Nigeria’s entertainment industry didn’t accidentally become a global force. While the rest of Nigerian business was still debating whether digital presence mattered, our musicians, filmmakers, and content creators were building audiences of millions, securing international partnerships, and turning cultural capital into actual revenue streams that now contribute billions to GDP.
The question every other sector should be asking is why we’re not learning from them.
When Davido headlines sold-out shows across Europe and North America or Funke Akindele’s films break box office records, that success didn’t come from traditional business development. Nobody handed them export licences or introduced them to international distributors through chamber of commerce meetings.
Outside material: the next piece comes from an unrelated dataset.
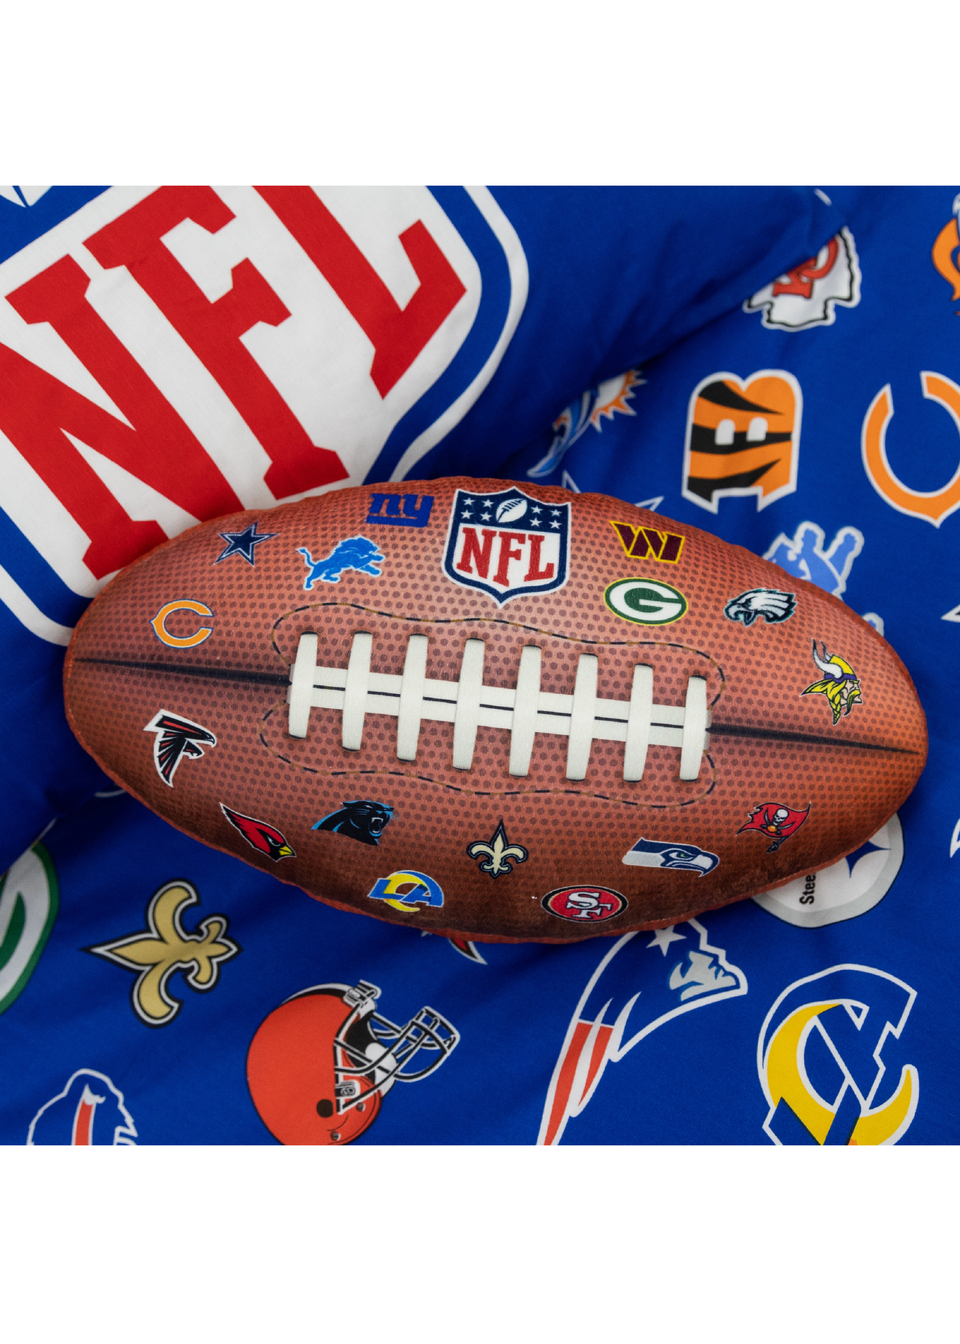 NFL Oval Shaped Cushion (40cm x 28cm)

They built their own visibility, cultivated their own audiences, and made deliberate strategic choices about how to build presence in global markets.
Understanding those choices matters for every sector seeking international growth.
Three specific approaches distinguish how Nigeria’s creative economy built global reach.
Firstly, authentic market positioning rather than imitation of Western templates. Afrobeats succeeded globally precisely because it maintained a distinctive African identity. This created differentiation in crowded international markets where generic approaches often get lost. The strategic lesson applies beyond entertainment; the elements that make Nigerian operational experience distinctive often represent competitive advantage rather than limitation.
Secondly, building visibility before waiting for traditional opportunity pathways. International record labels didn’t discover Nigerian artists through conventional industry channels. Artists built demonstrated audiences first, creating demand that made partnerships inevitable rather than uncertain. This reverses the traditional approach where businesses wait for perfect market conditions or official introductions before establishing a presence.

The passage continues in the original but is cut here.